Коробка сжималась вокруг, невидимая, но существовавшая. Она его не отпускала. Но навсегда сдержать не могла. Эх, ещё бы время хоть как-нибудь узнать…
========== 4 / 6. Диссонанс ==========
— 16 октября 2017
В детском доме было негласное правило: драки за границы не выходили. Воспитатели, несомненно, знали о регулярных стычках детей, но игнорировать факт было проще, чем что-то с ним делать. Постоянные побои, постоянные избиения, то кто-то тебя, то ты кого-то… Антону не особо повезло с приютом. Зато здесь он мог приучаться к людям, которых остерегался с периода улиц, привыкать к обществу и перенимать его законы. Антону это не нравилось, но приходилось.

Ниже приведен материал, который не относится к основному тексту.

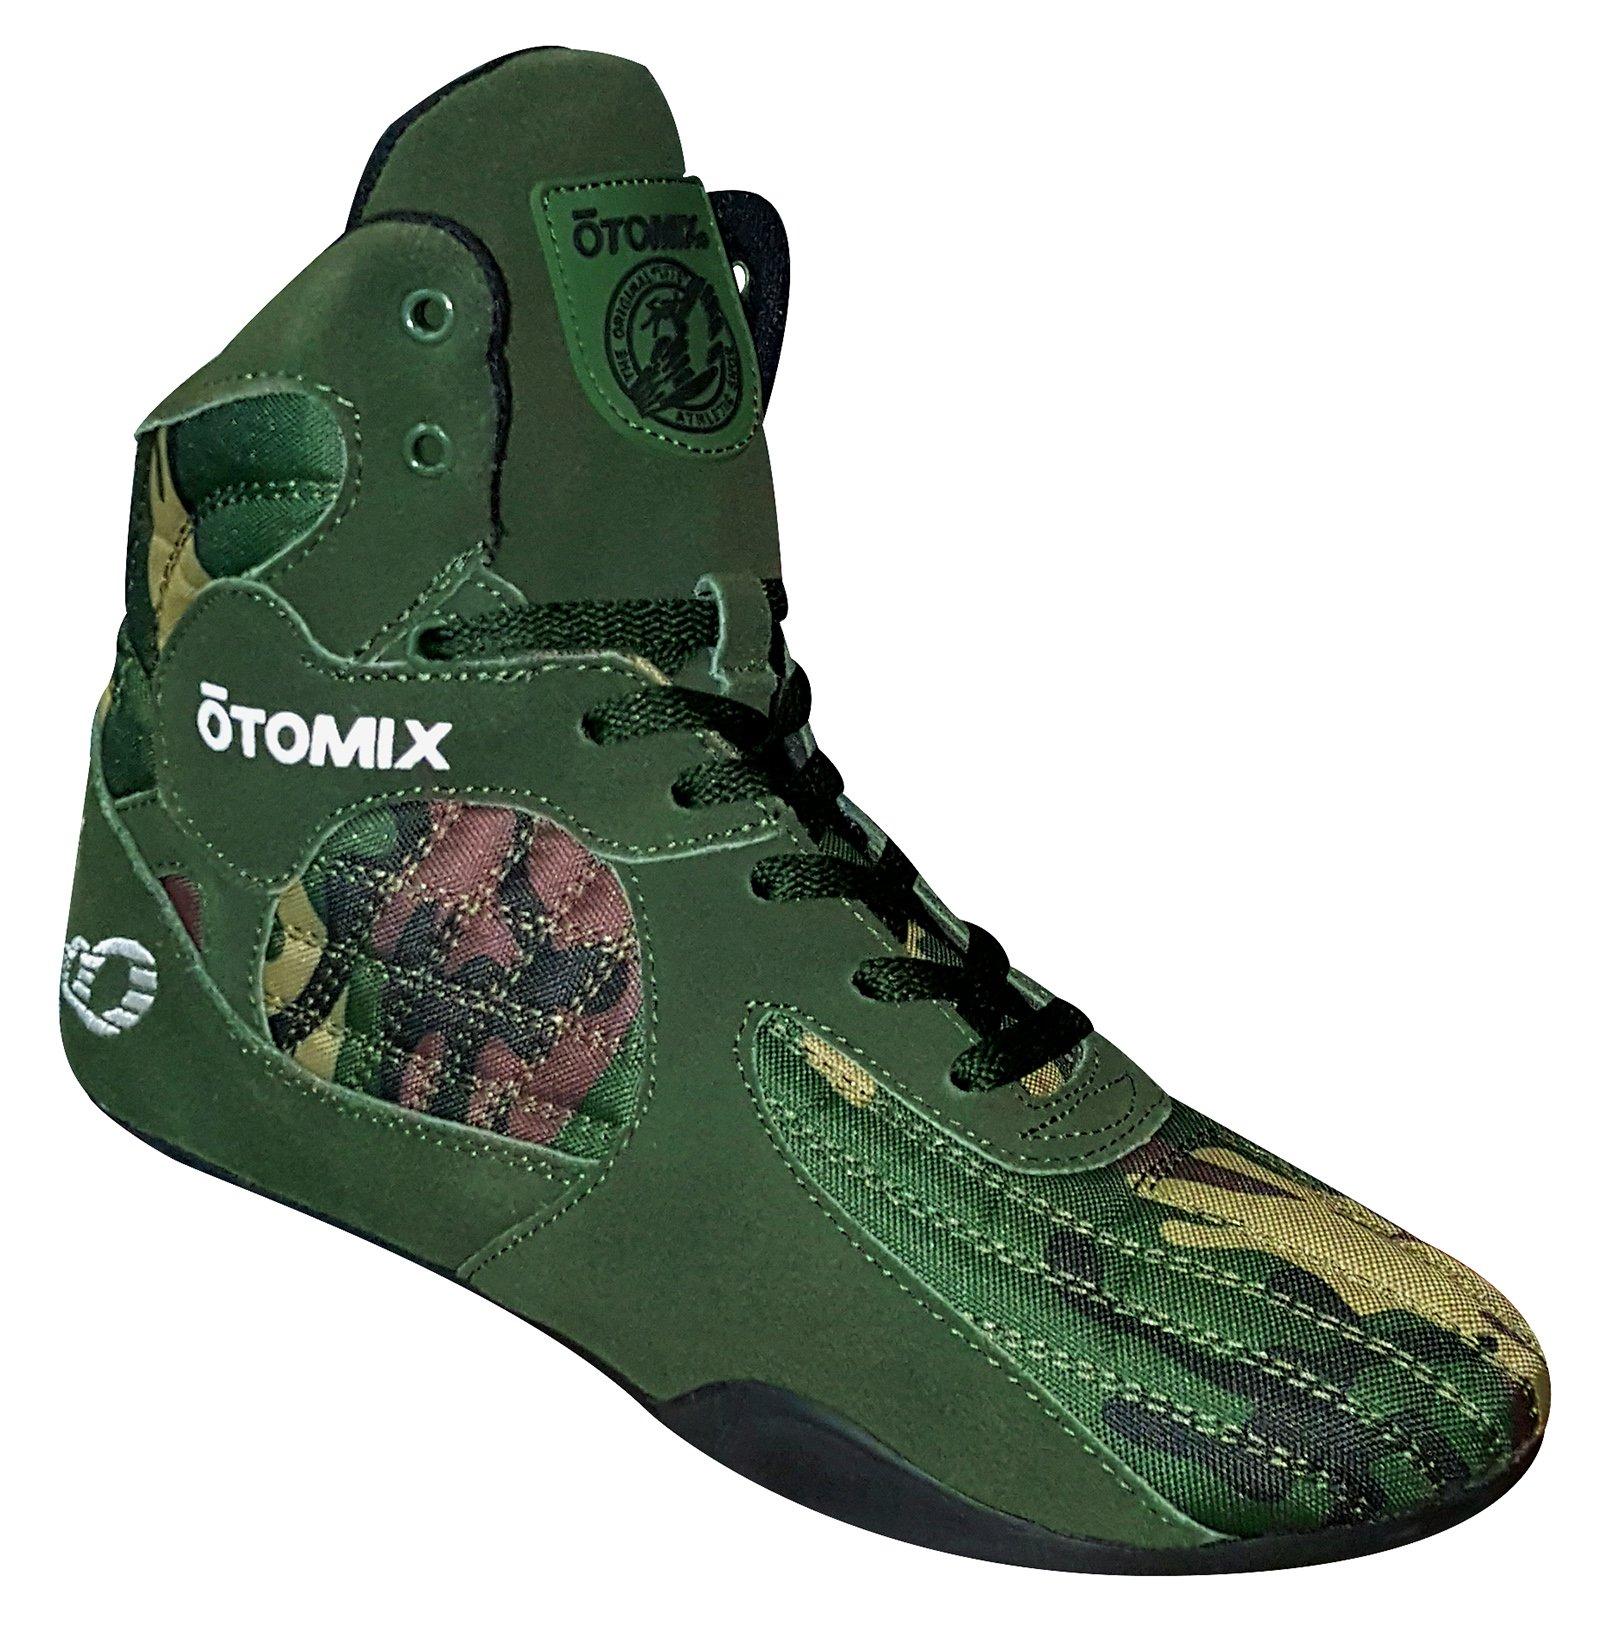 265905eb42f7 Otomix Men s Stingray Escape Bodybuilding Lifting MMA   Wrestling Shoes

Ребята из дома называли его нелюдимым, молчаливым, замкнутым. Репетиторы боролись за каждый шаг. Антон учился быстро, но неохотно и без желания — и так понятно, что ему не пригодится. Зачем? Он не собирался прожить долго. Он не знал, ради чего существовал, и какая-то учёба не могла подарить ему ощущение целостности. С Настей всё это ушло. С ней и кровью Саввы, отмытой с грязных ладоней. Три года на улицах были плохими, но тогда он хотя бы ощущал, что приносило пользу — все смотрели на него, и про другую девочку никто не вспоминал. Она была в безопасности благодаря ему, и это давало ему стимул жить дальше.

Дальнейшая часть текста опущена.